SolarConn, in a filing to PURA, said a shift in 2015 from consumption rates (per kWh) to fixed charges (per kW) in rates for Eversource’s commercial customers decreased demand for solar. That shift, SolarConn said, changed the profitability profile for projects in the state’s Zero Emissions Renewable Energy Credit (ZREC) program.

By eliminating the ability of a solar project to net meter production against per kWh charges for consumption, “the entire economic model for distributed renewable energy was predictably upended,” the business group said.

The results of the 2015 rate change have been evident in the small ZREC program, SolarConn said, adding that “for over two years, almost no small ZRECs have been utilized for projects.”

PURA’s decision directs Eversource to establish an optional rider with “a volumetric component” (per kWh) for two of its existing rates.

Relief from the new interim rate should help in the latest round of solicitations for low-emissions REC and ZREC projects. Under the program, projects are supposed to realize a 15-year revenue stream from REC sales. That revenue, SolarConn said, has not materialized for many projects.

PURA said the creation of optional rate riders with both a volumetric rate and a demand charge component “is consistent with Connecticut law and public policy as it encourages economic development … by giving small businesses more control over their energy expenses.”

“Small businesses will have the potential to reduce their electric bills by decreasing their kWh electricity consumption through reduced usage, employing conservation and energy efficiency measures, or by participating in the LREC/ZREC program or its successor,” PURA wrote in its unanimous decision.

Eversource must update its website by July 1 to indicate the availability of the new optional riders — beginning Nov. 1 — and allow customers to sign up for them ahead of the effective date.
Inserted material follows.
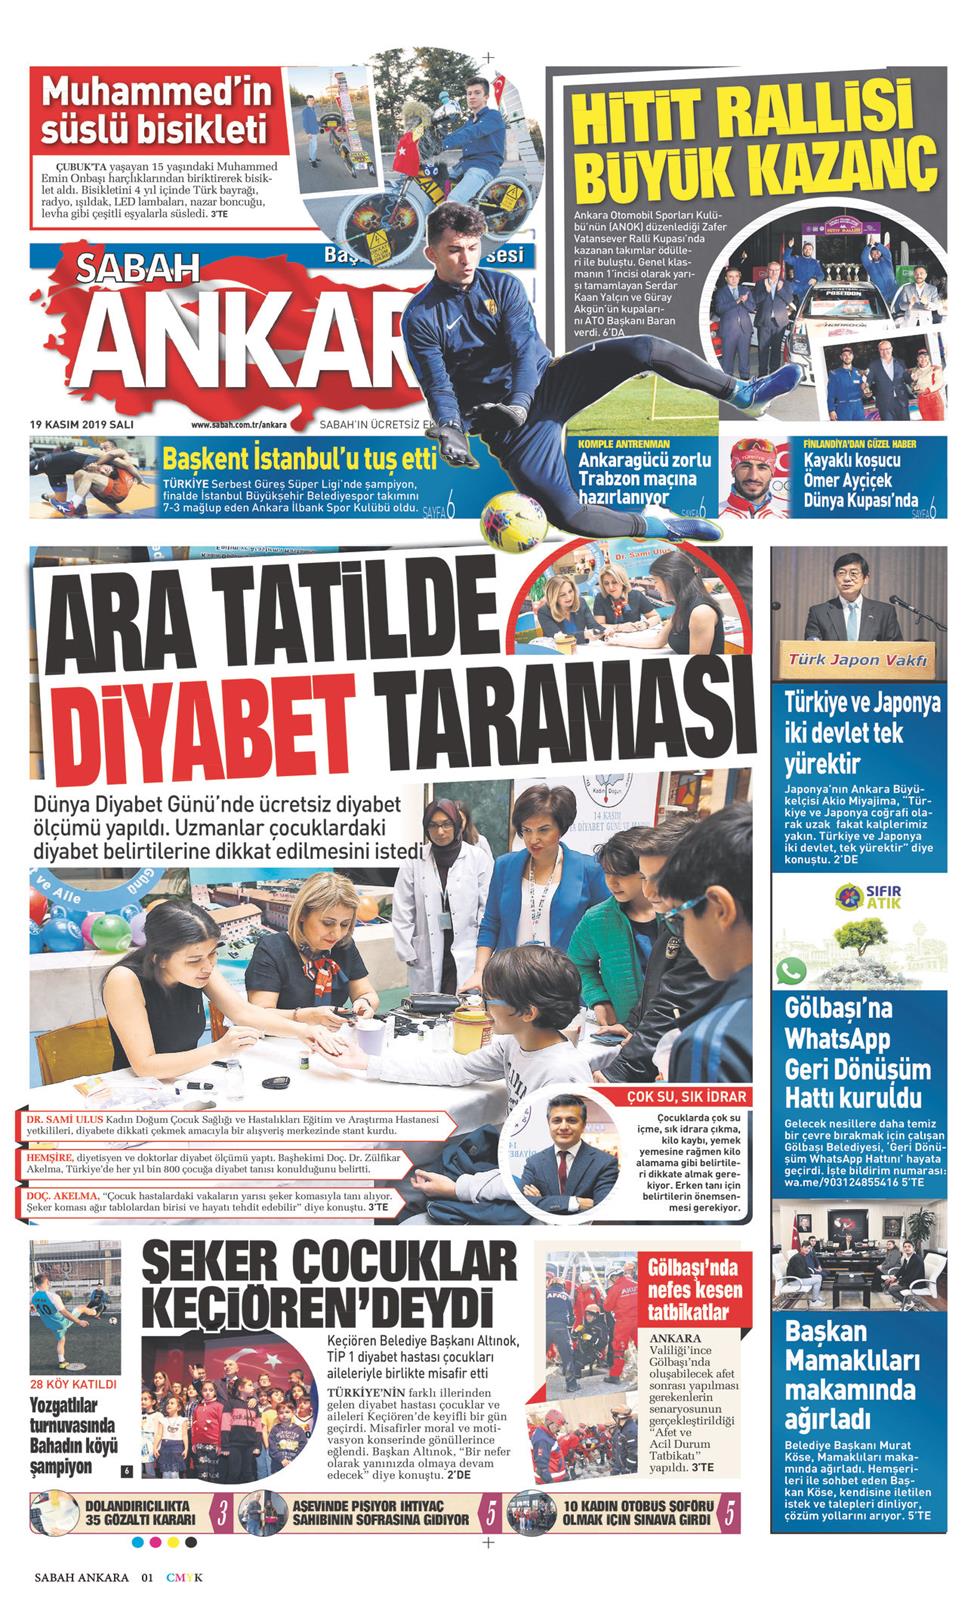 Sabah Ankara

In addition, Eversource needs to show “how it plans to proactively work with new and existing customers” to ensure customers select the best rate option, according to PURA. The riders will be available until PURA approves Eversource’s new rate schedules in the utility’s subsequent rate-case proceeding.

Two Letters

PURA Chair Marissa Gillett said the leadership of the General Assembly’s Energy and Technology Committee sent a letter in December 2020 that called attention to “the importance of considering targeted relief” for Connecticut’s small businesses amid “the devastating impacts” of the COVID-19 pandemic. The committee’s leadership specifically requested PURA consider implementing interim rate riders to help small businesses curb “wildly high bills despite being closed or operating at reduced hours” because of “high fixed charges (per kW).” PURA concluded that the development of optional rate riders was “in the public interest, and is consistent with current practices and tariff offerings, the Take Back Our Grid Act, and PURA’s statutory authority. “The Take Back Our Grid Act, which passed into law in the wake of Tropical Storm Isaias in 2020, gives PURA legal latitude to consider an “interim rate decrease, low-income rates and economic development rates” for Eversource and United Illuminating customers.

In an additional supporting letter submitted in April, the Department of the Energy and Environmental Protection said the state’s Conservation and Load Management Plan demonstrates that “a reduction in both kW and kWh usage provides broad societal and energy benefits to Connecticut’s ratepayers.” According to DEEP, rate designs that encourage reductions in both demand and overall kWh consumption further realize those benefits.

DEEP stated that generally, “volumetric charges are shown to incent energy efficiency, and the greater the fixed cost within a rate structure, the less motivated a customer will be to lower their energy usage.”

Additionally, DEEP said commercial and industrial energy efficiency programs drive down demand and bring Connecticut “closer to its decarbonization goals.” In 2020, they provided 82,133 tons of annual carbon dioxide emissions reductions and 952,749 tons of lifetime emissions reductions. Cleaner air resulting from the state’s energy efficiency and clean energy programs deferred over $5 million in public health costs last year.